In reality, done right, time is actually saved by developing in-depth, consistent relationships with people with dementia and treating them in ways that feel comfortable to them, says Evans. And not only does it serve the resident, it heightens the job satisfaction of staff, resulting in less turnover.
“I’ve yet to meet a nurse who went into nursing school hoping that if things went well they would spend the majority of their time pushing a med cart,” Evans says. “Or a doctor who wanted to do a lot of paperwork. That’s especially true for people in primary care and people who gravitate toward long term care.
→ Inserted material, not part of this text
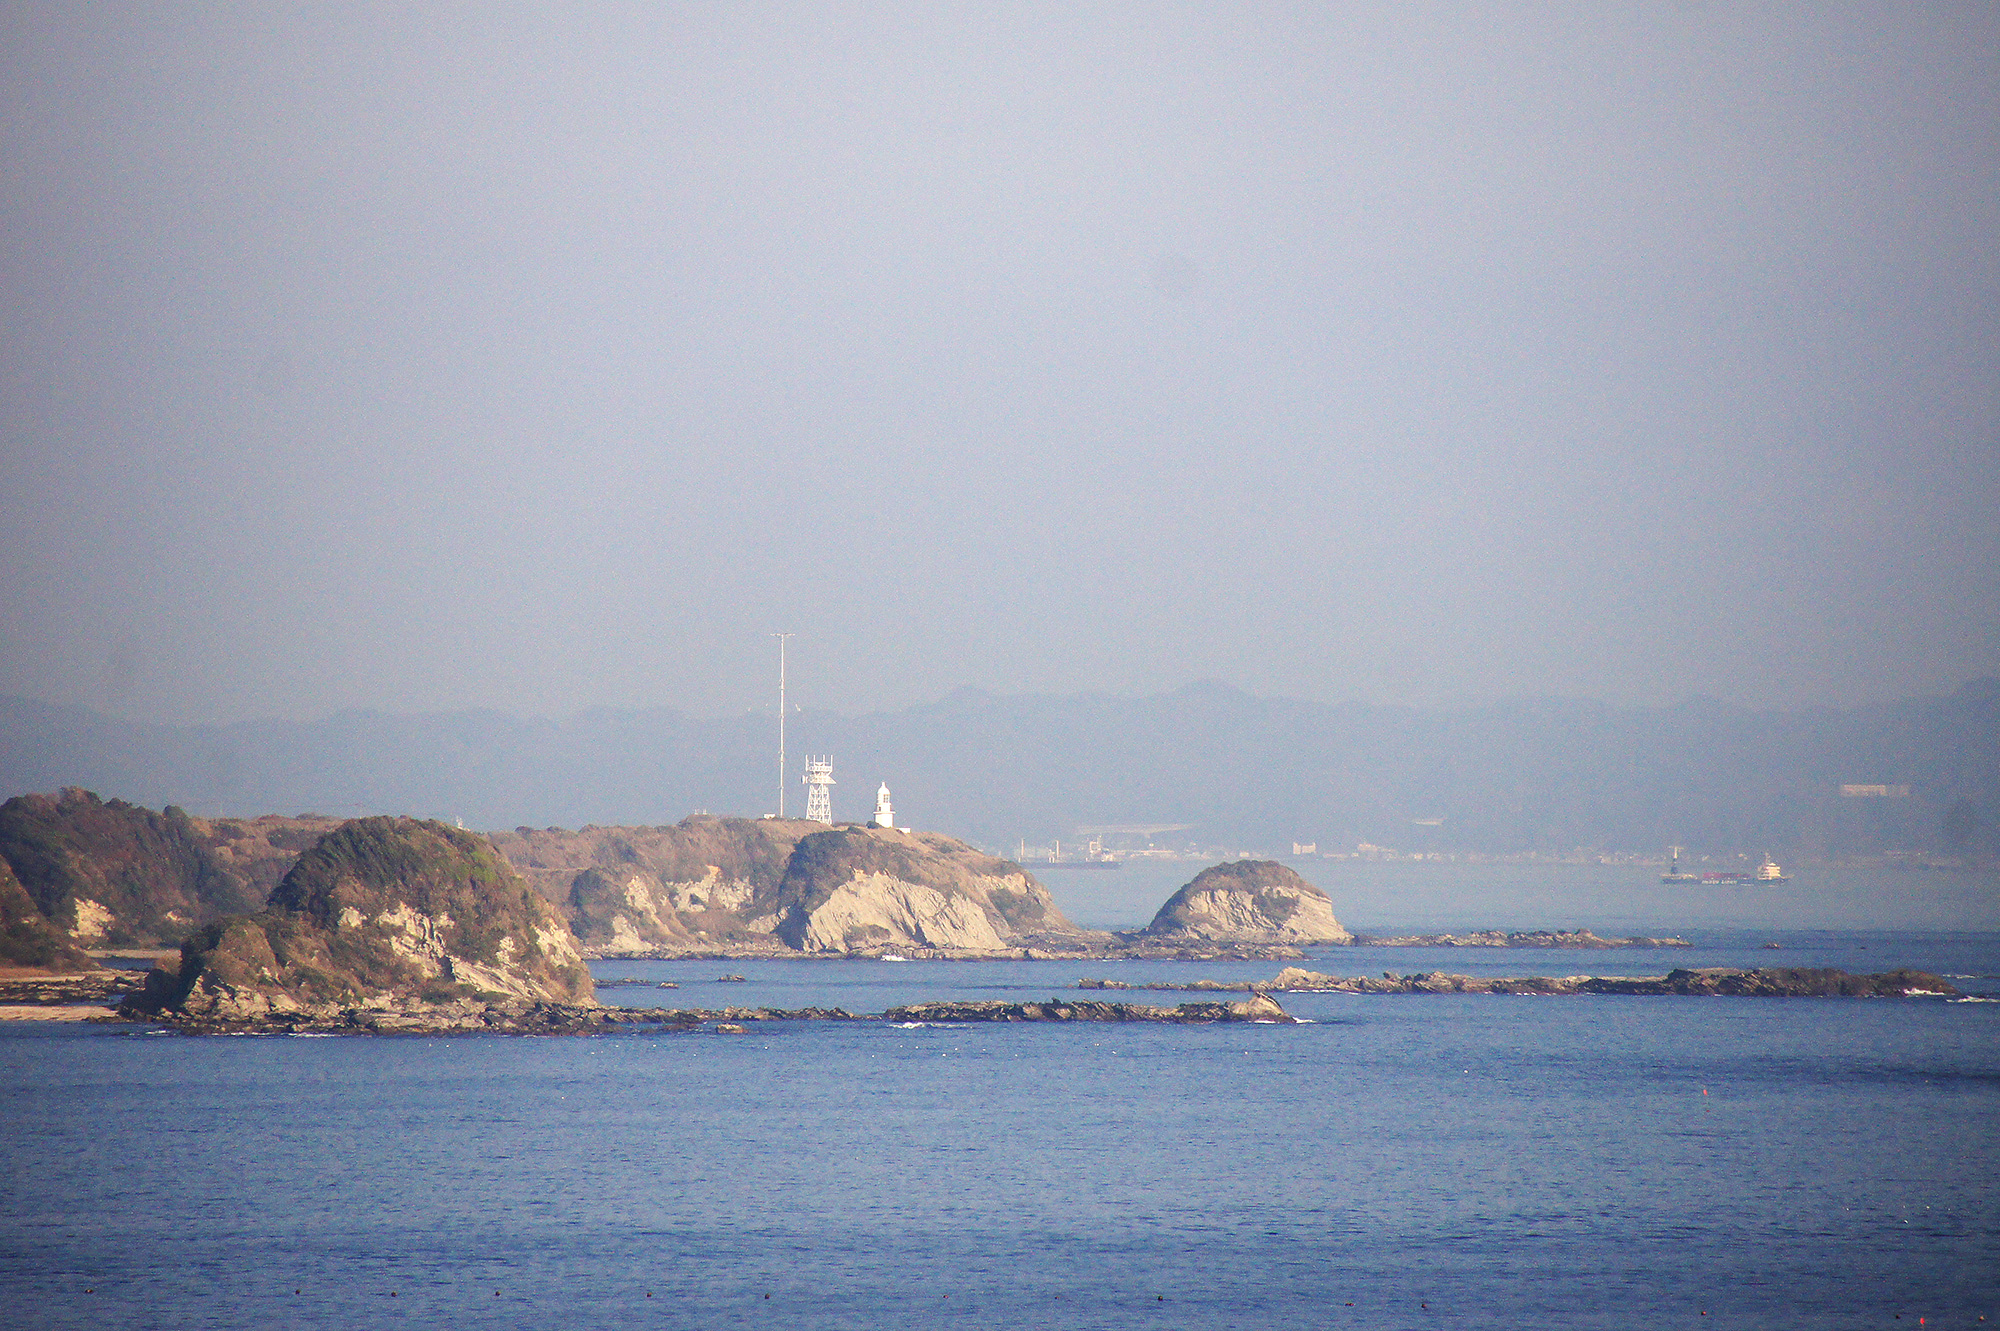 城ヶ島から見た海のフリー写真素材

“First of all, we’re all trying to find meaning and fulfillment through our jobs,” he says. “We’re trying to do our life’s work. Particularly CNAs [certified nurse assistants] and nurses and therapists and food service people in long term care—everybody’s there for a reason. There’s something each of us needs from the people who live there,” says Evans.
“We give comfort and receive comfort at the same time.”
It’s a calling for most people, and people are most fulfilled when they are given the tools and time to fulfill their calling, Evans says. “Fundamentally, most people work in long term care because that’s what they feel that they’re called to do; they want to make a difference in the lives of others, and it’s often easy to see that impact in long term care” where the residents have already experienced so much loss, he says.
Rethinking The Job
However, Evans acknowledges that “sometimes the job gets in the way of the work” of spending time caring for people they care about. “The leadership in facilities has an obligation to help all of their staff do things that are maximally important to others.”
But it’s a fallacy, he says, that talking in-depth with residents—not just when they’re admitted but as caregivers wake them up in the morning, sit with them at meal time, or just meet them in the hall—is time that can’t be reimbursed and so is time wasted in terms of the facility’s financial bottom line.
“It’s actually time well spent,” Evans says. “When someone is in distress, that requires attention and it cannot be ignored, but it’s seemingly unpredictable and hard to plan for.” And calming a resident who’s upset certainly takes longer than doing simple things that prevent the disturbance from ever happening.
In addition, when front-line staff deeply understand the people they care for, that empowers them to help this individual whom they’ve grown to care about, which is much more satisfying to the CNA (as well as to the resident) than having a doctor jump in with his magic pill, Evans says. “Being able to identify a situation and solve problems is very satisfying. That’s why a lot of people go into health care in the first place.
“I’m excited about the future because we’re just beginning to understand this condition, and the sky is literally the limit in helping others in need.”
Postscript: Maggie’s Case
The story of Maggie, the resident with dementia whose case was alluded to at the beginning of this article, has a happy ending.
When Maggie’s family realized she just wasn’t going to get any better on the path the facility was taking, they researched local options for dementia care and settled on English Rose Suites, an assisted living chain that features family homes in Minneapolis neighborhoods. English Rose, which has spent decades developing its own program of person-centered solutions for people with dementia, worked with both Maggie and her family to write up Maggie’s life story so they would know what things had been pleasurable or comforting to her in the past, and so they could identify things that might trigger feelings of fear, uneasiness, or anger.
Getting to know Maggie intimately resulted in gaining her trust and allaying her fears.
It took a lot of work, and it never stops being hard work; Maggie doesn’t have a perfect day every day. She just has hard days much less frequently, and she has moments of joy now where before everything was psychic pain and confusion.
English Rose caregivers have learned that striving for excellence must become a way of life, not a plateau to achieve and then rest.
Kathleen Lourde is a freelance writer based in Dacoma, Okla.